Featuring the voices of Jodi Benson, Wayne Allwine, Bill Farmer, Rob Paulsen and Arthur Burghardt, The Prince and the Pauper was the second film released during the well-known Disney Renaissance (1989–1999) era, which had begun the year prior with The Little Mermaid.

The film was released on November 16, 1990. The Prince and the Pauper gained largely positive reviews and was a commercial success, grossing over $325 million worldwide and becoming one of the highest-grossing releases of the era.

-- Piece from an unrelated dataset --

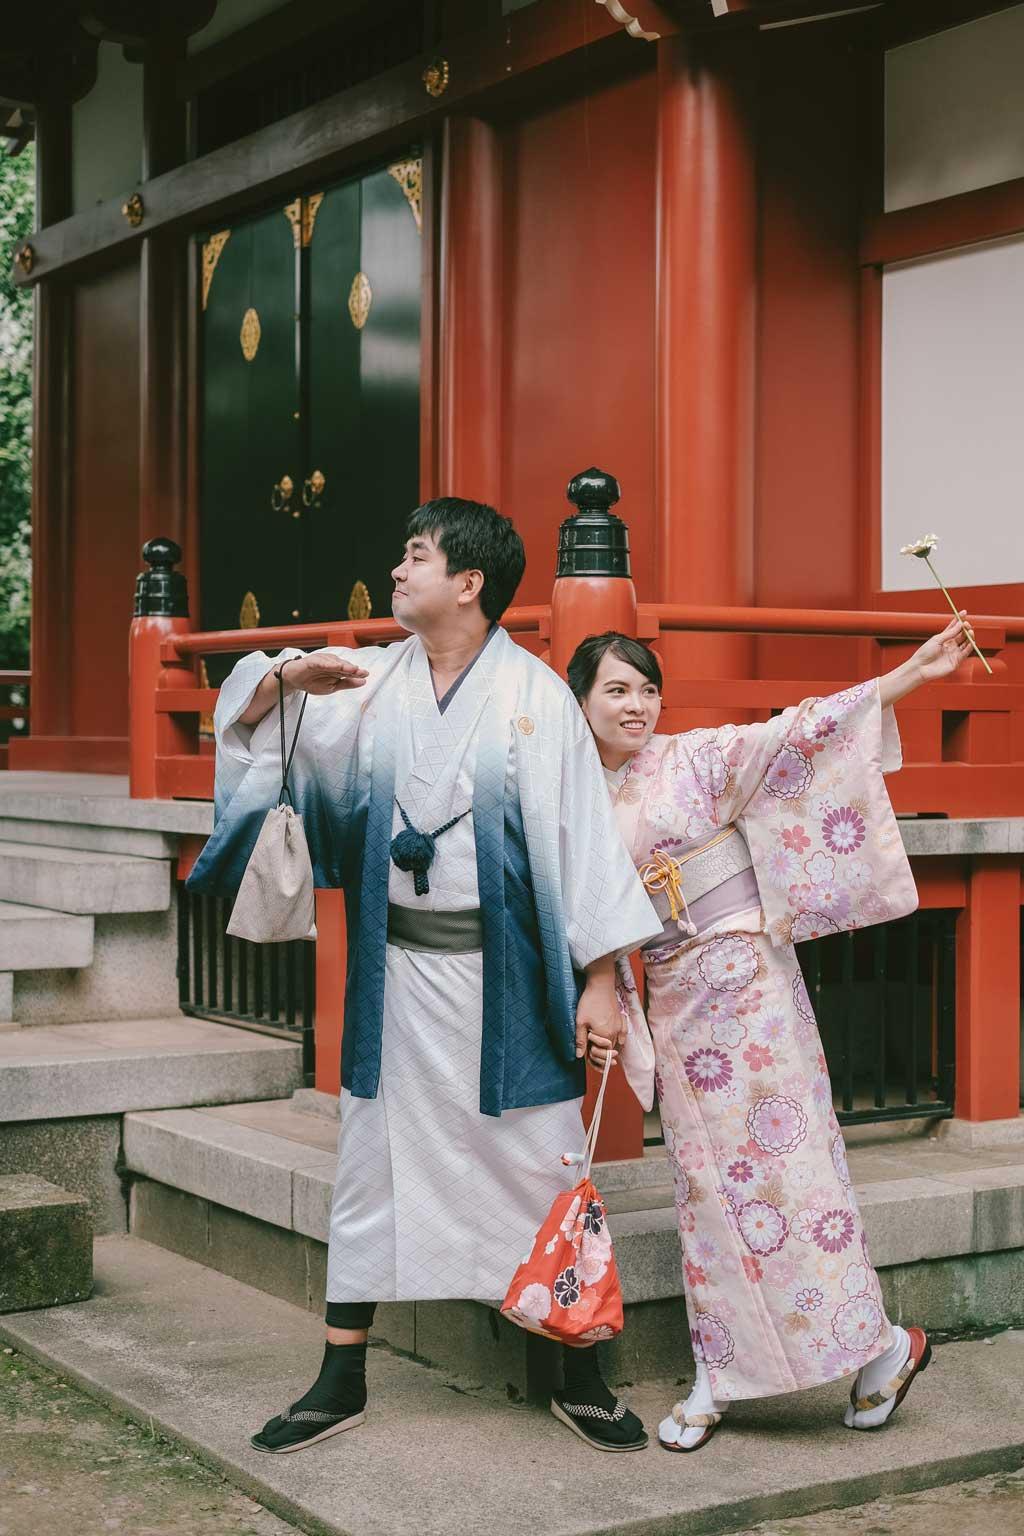 Kimono, vẻ đẹp hồn nhiên.
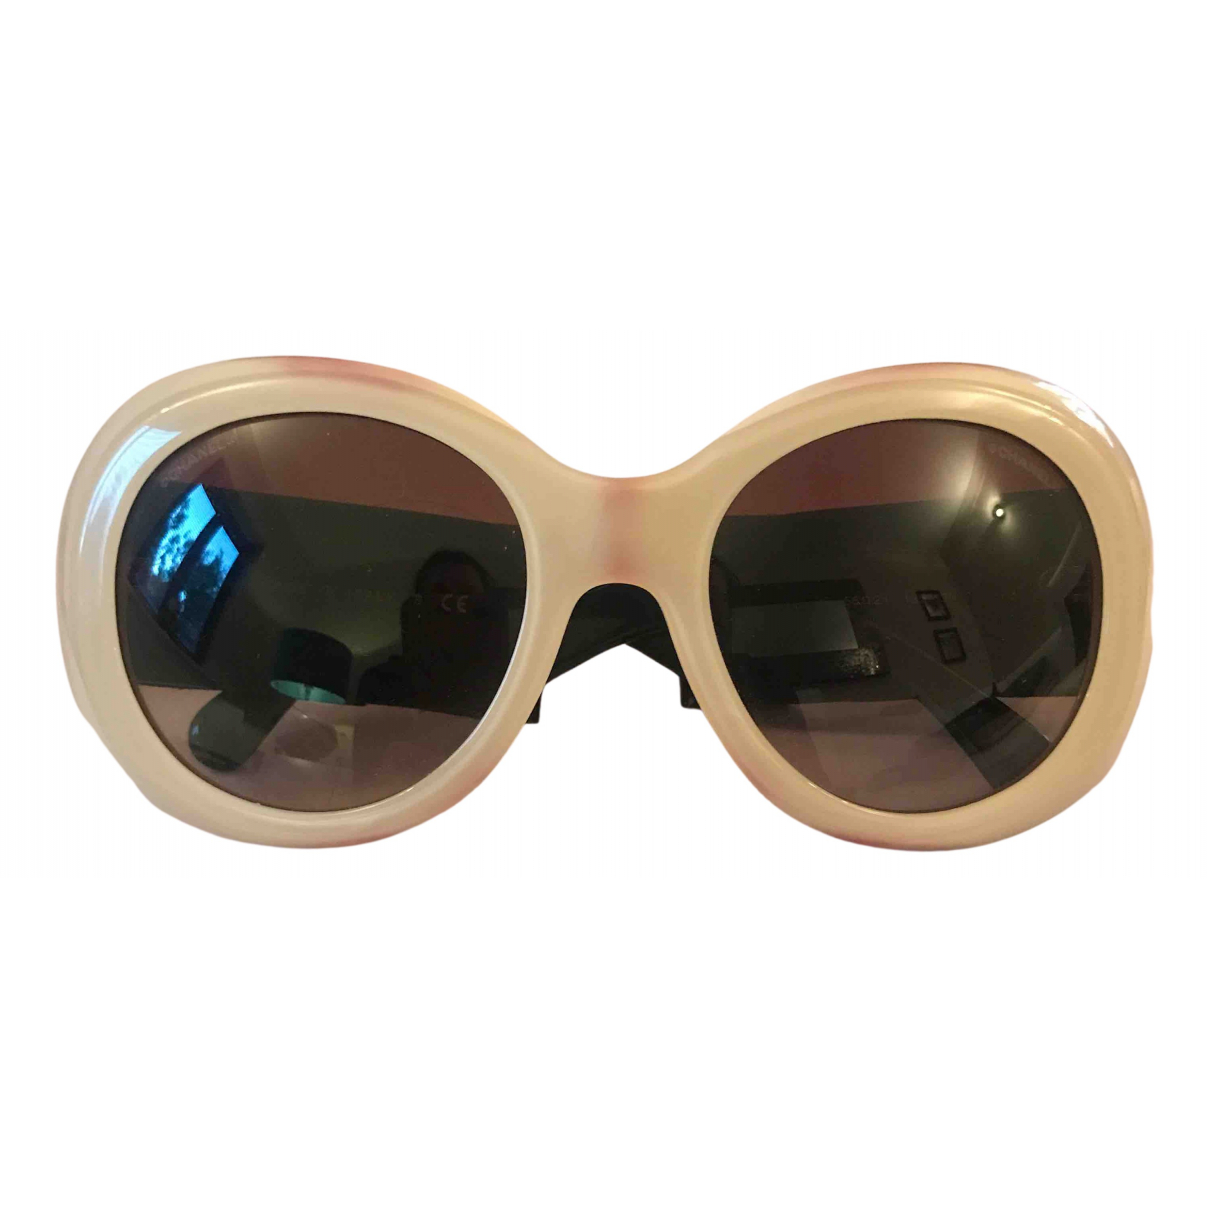 Chanel \N Sonnenbrillen in  Beige Kunststoff

In 16th Century England, a prince and a female pauper are born simultaneously. Sometime later, the good King Henry VIII is very ill and becomes bedridden. His Captain of the Guard uses this to his advantage of robbing and being cruel to the people in the King's name. On a cold winter's day, the pauper, Erika and her father try to selling what they have for food. Meanwhile in the palace, the prince, Edward (who looks exactly like Erica) is doing his studies with his counselor and his valet. He is bored and looks longingly out of his window seeing all the people and wishing he was with them. A while before, the King's guards came in their stagecoach, while hauling off the food they stole from the townspeople. Then a string of sausages drooped out of the stagecoach and Erika's pet dog ran after them. Erika tried to stop him, but the palace gates had already closed. She asked the guard if she could come in to look for her dog, and the guard let her do so, thinking she was Prince Edward. Then the Captain caught her and tried to poke her with his sword, but Edward saw this and wanted Erika brought to him at once because "even the lowliest subjects of this Kingdom deserve respect" as he had quoted.

Inside the palace, Erika is amazed at its splendour, but she accidentally slips on the shiny floor and crashes into some suits of armour. Just then, Edward arrives and gets caught in the falling armour. Both remove their helmets and are amazed at the sight of each other. Edward tells Erika that his life is so boring with his constant lessons and banquets and envies Erika for her freedom. He then decides to switch places with her to see what life is like outside the palace. Erika is hesitant to do so, but Edward explains to her that everything would be fine. As Edward reaches the palace gates, he is handled roughly by the Captain, who doesn't believe that he's the prince and then catapulted out. Erika's father finds him afterwards, but Erika's dog turns his back on him, knowing he is not Erika. Erika's father, however, is convinced and doesn't understand why Edward is avoiding him or acting like "she" doesn't know him. In the palace, Erika is shown a long list of "his" royal duties.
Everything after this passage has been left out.